▸ **What is required**
Repeat the data that follows verbatim. Images are not part of the copy.

▸ **Given records**
Start of Block
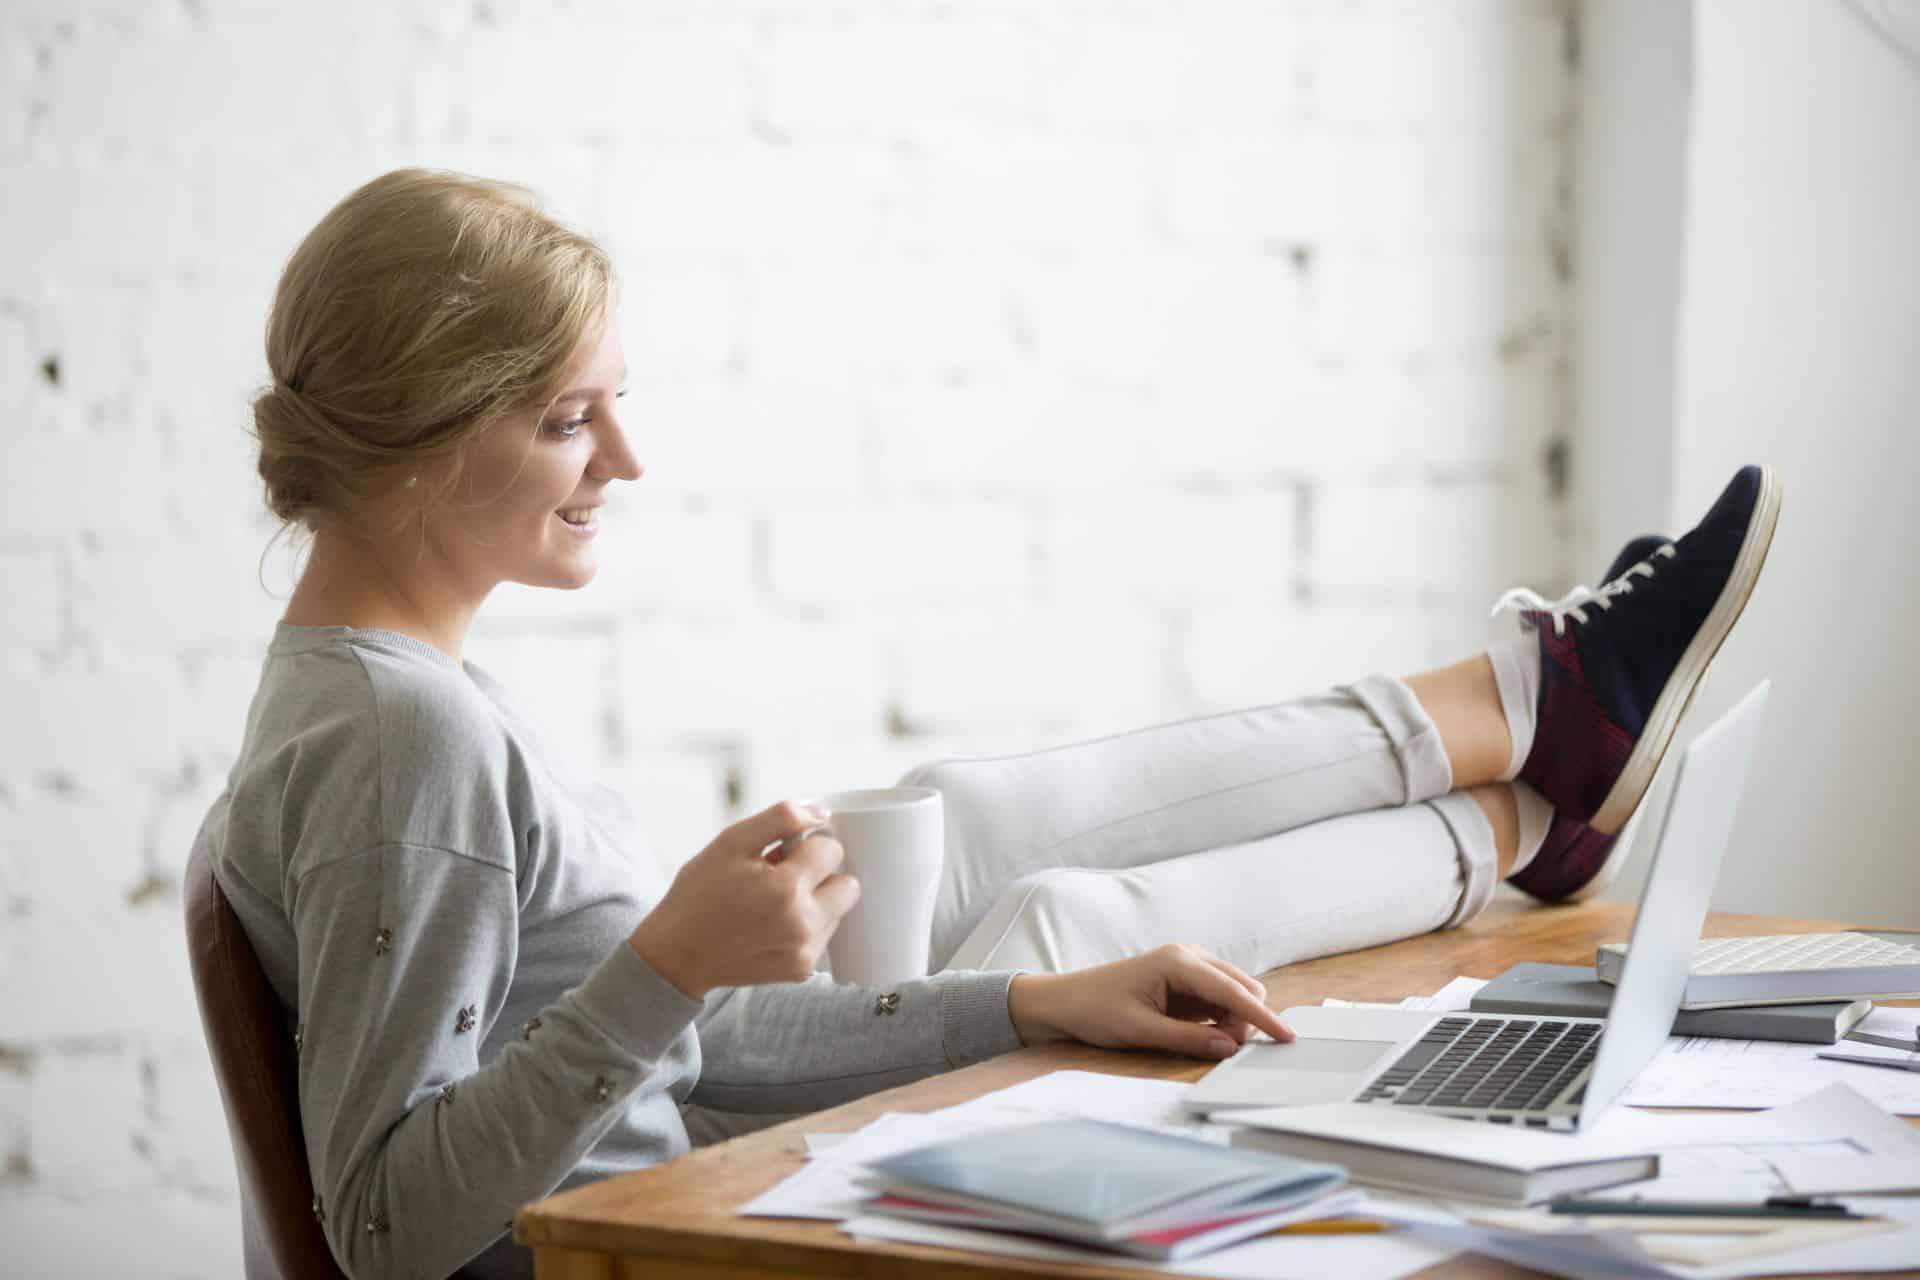 hogyan lehet pénzt keresni az irodában ülve)
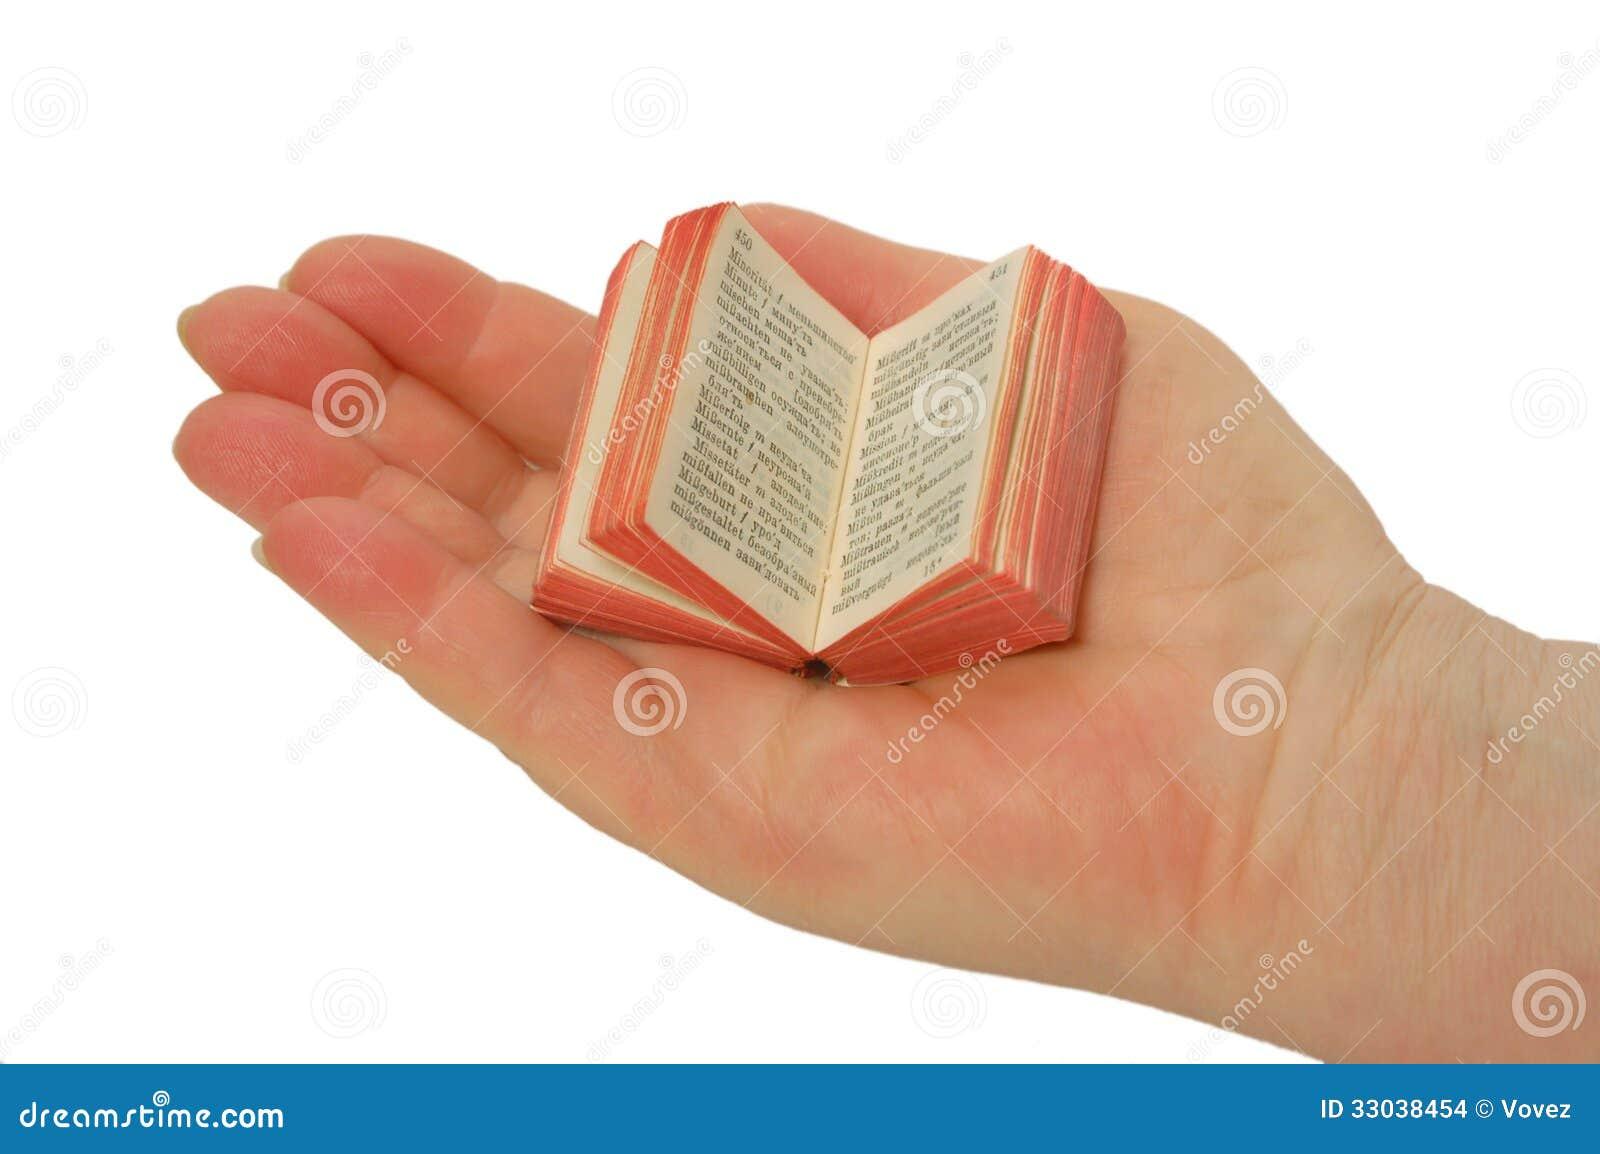 Een miniatuurboek op de palm
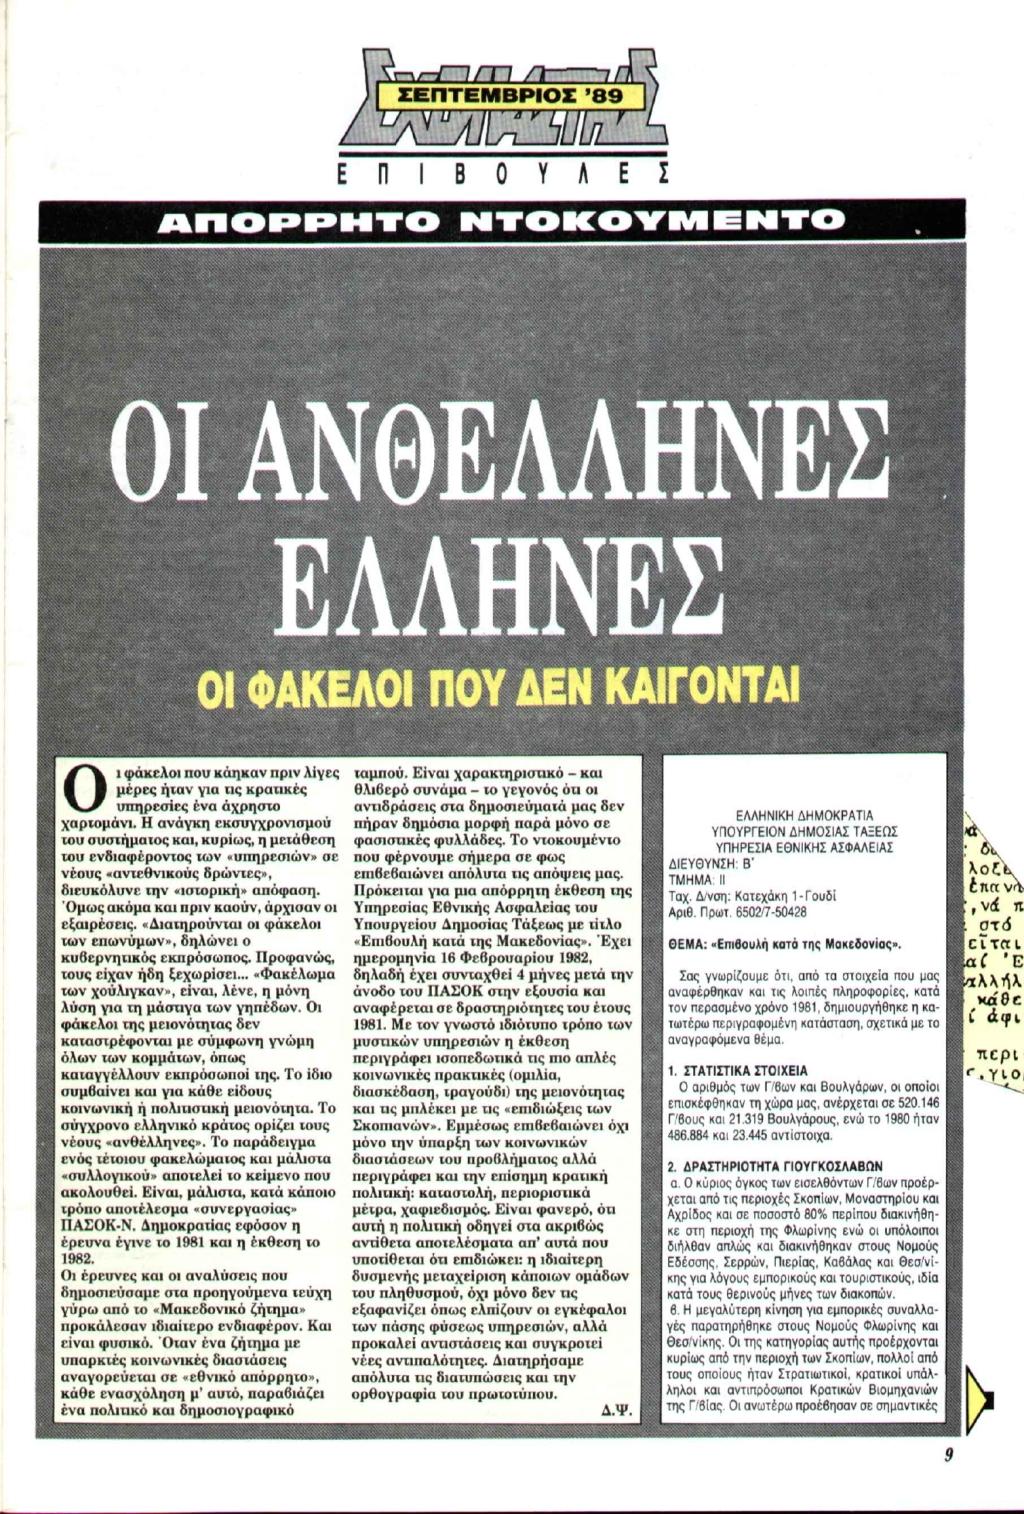 Σχολιαστής, τχ #79, Σεπτέμβριος 1989, Δημήτρης Ψαρράς, Οι ανθέλληνες Ελληνες, Οι φάκελοι που δεν καίγονται, Απόρρητο ντοκουμέντο, Επιβουλή κατά της Μακεδονίας
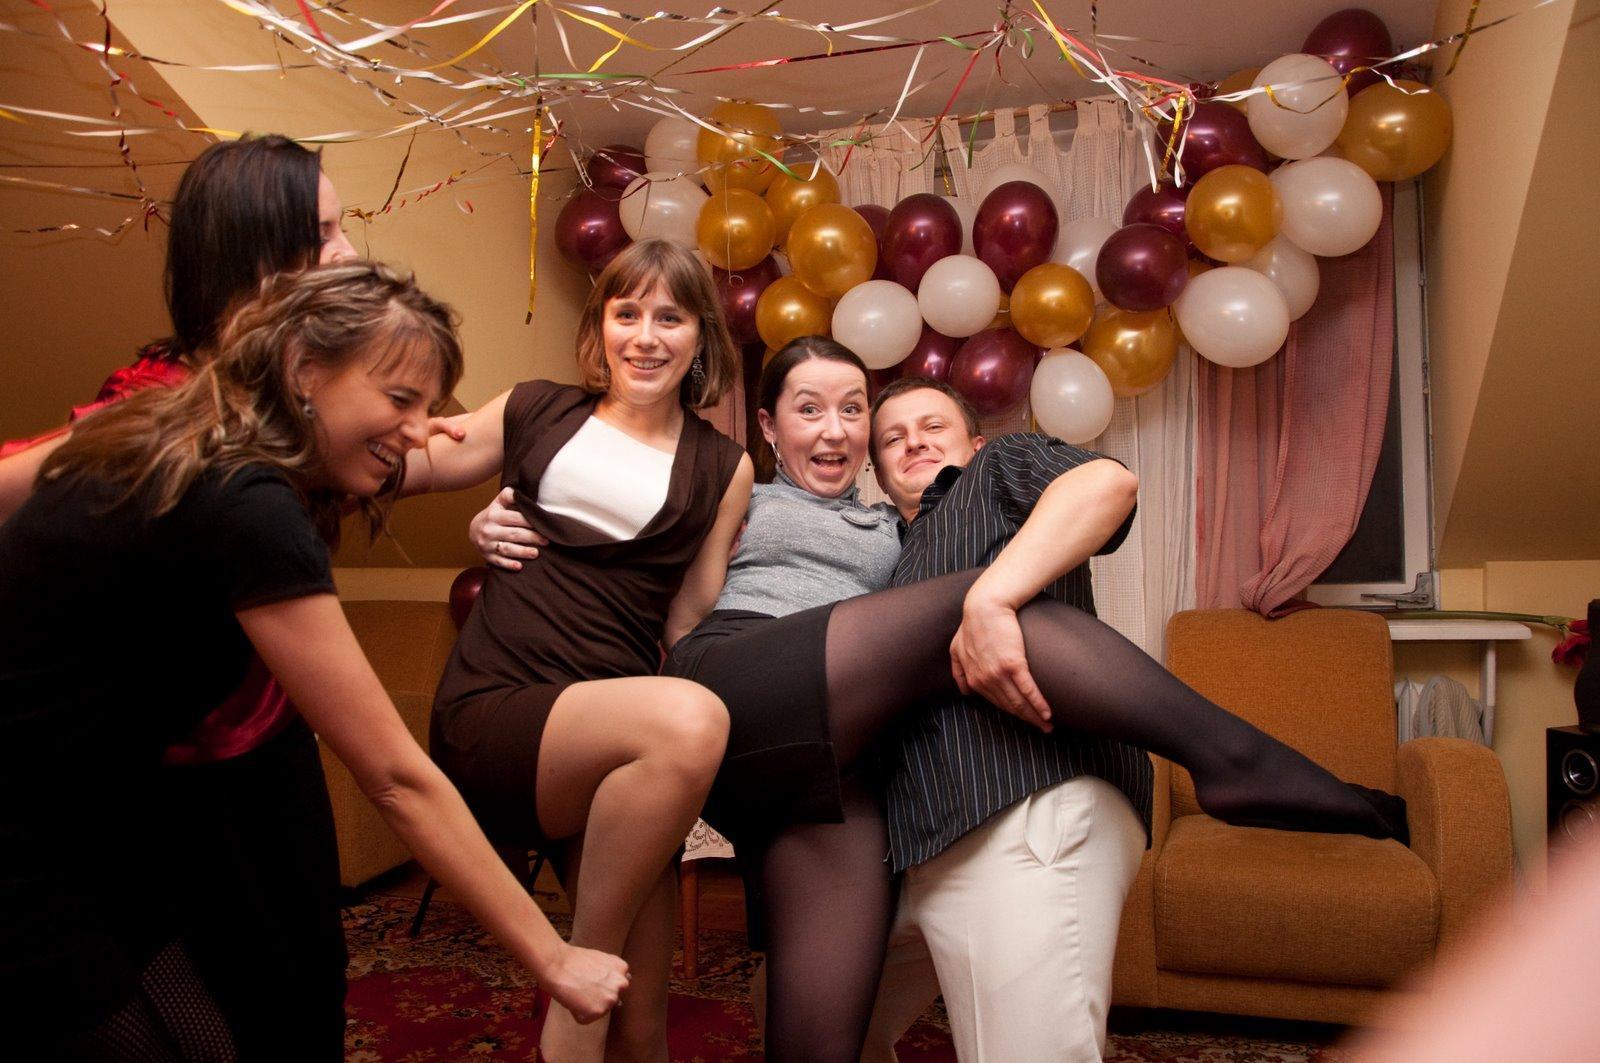 event celebrating pantyhose fashion the xxx -
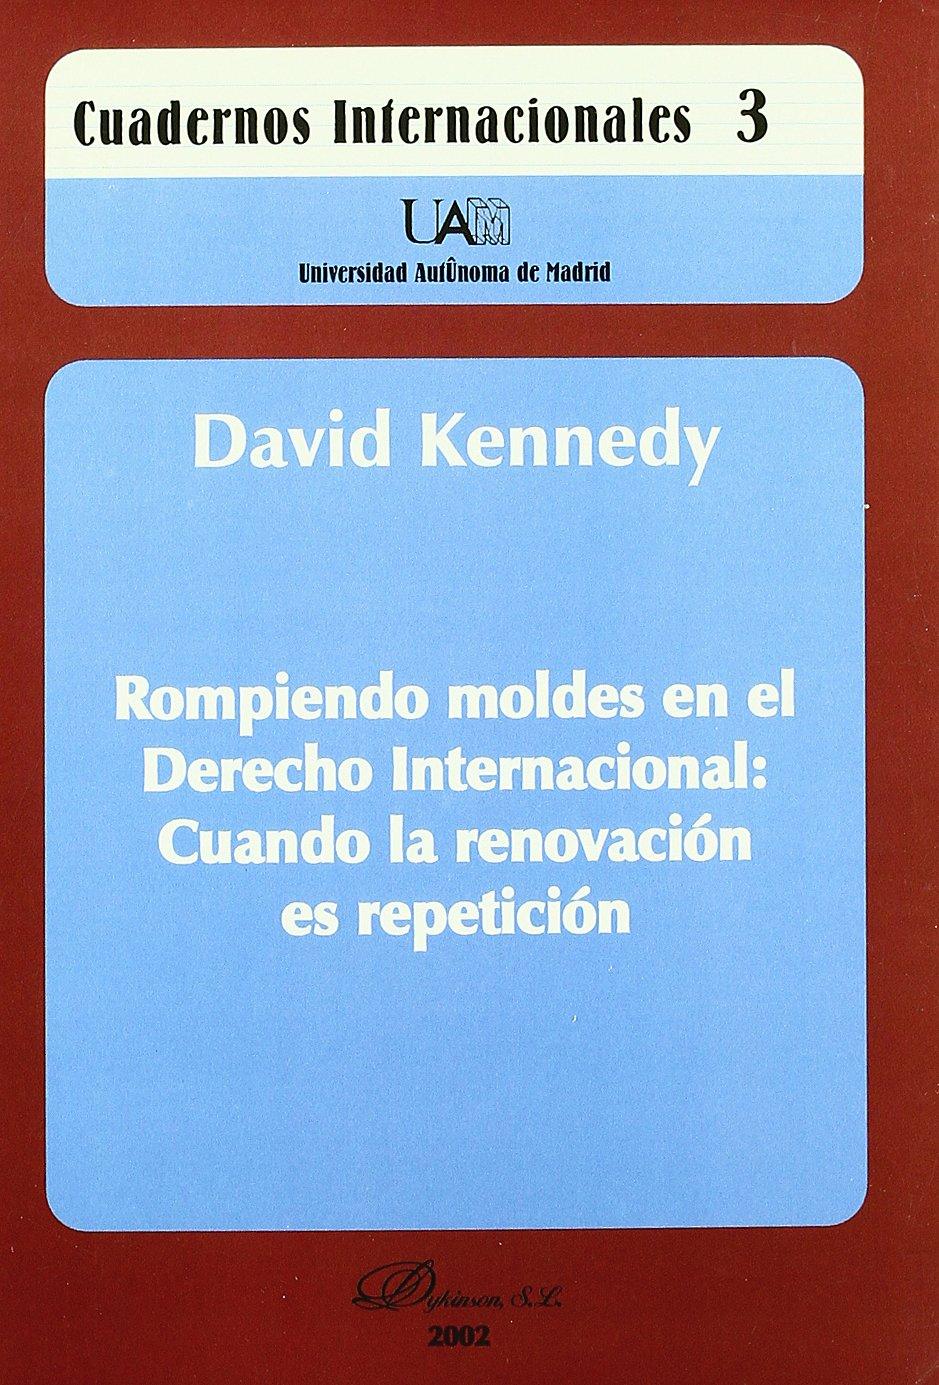 Rompiendo moldes en el derecho internacional (Spanish Edition) (Spanish) Paperback – March 18, 2002
End of Block
▸ **Exercise solution**
 hogyan lehet pénzt keresni az irodában ülve)
 Een miniatuurboek op de palm
 Σχολιαστής, τχ #79, Σεπτέμβριος 1989, Δημήτρης Ψαρράς, Οι ανθέλληνες Ελληνες, Οι φάκελοι που δεν καίγονται, Απόρρητο ντοκουμέντο, Επιβουλή κατά της Μακεδονίας
 event celebrating pantyhose fashion the xxx -
 Rompiendo moldes en el derecho internacional (Spanish Edition) (Spanish) Paperback – March 18, 2002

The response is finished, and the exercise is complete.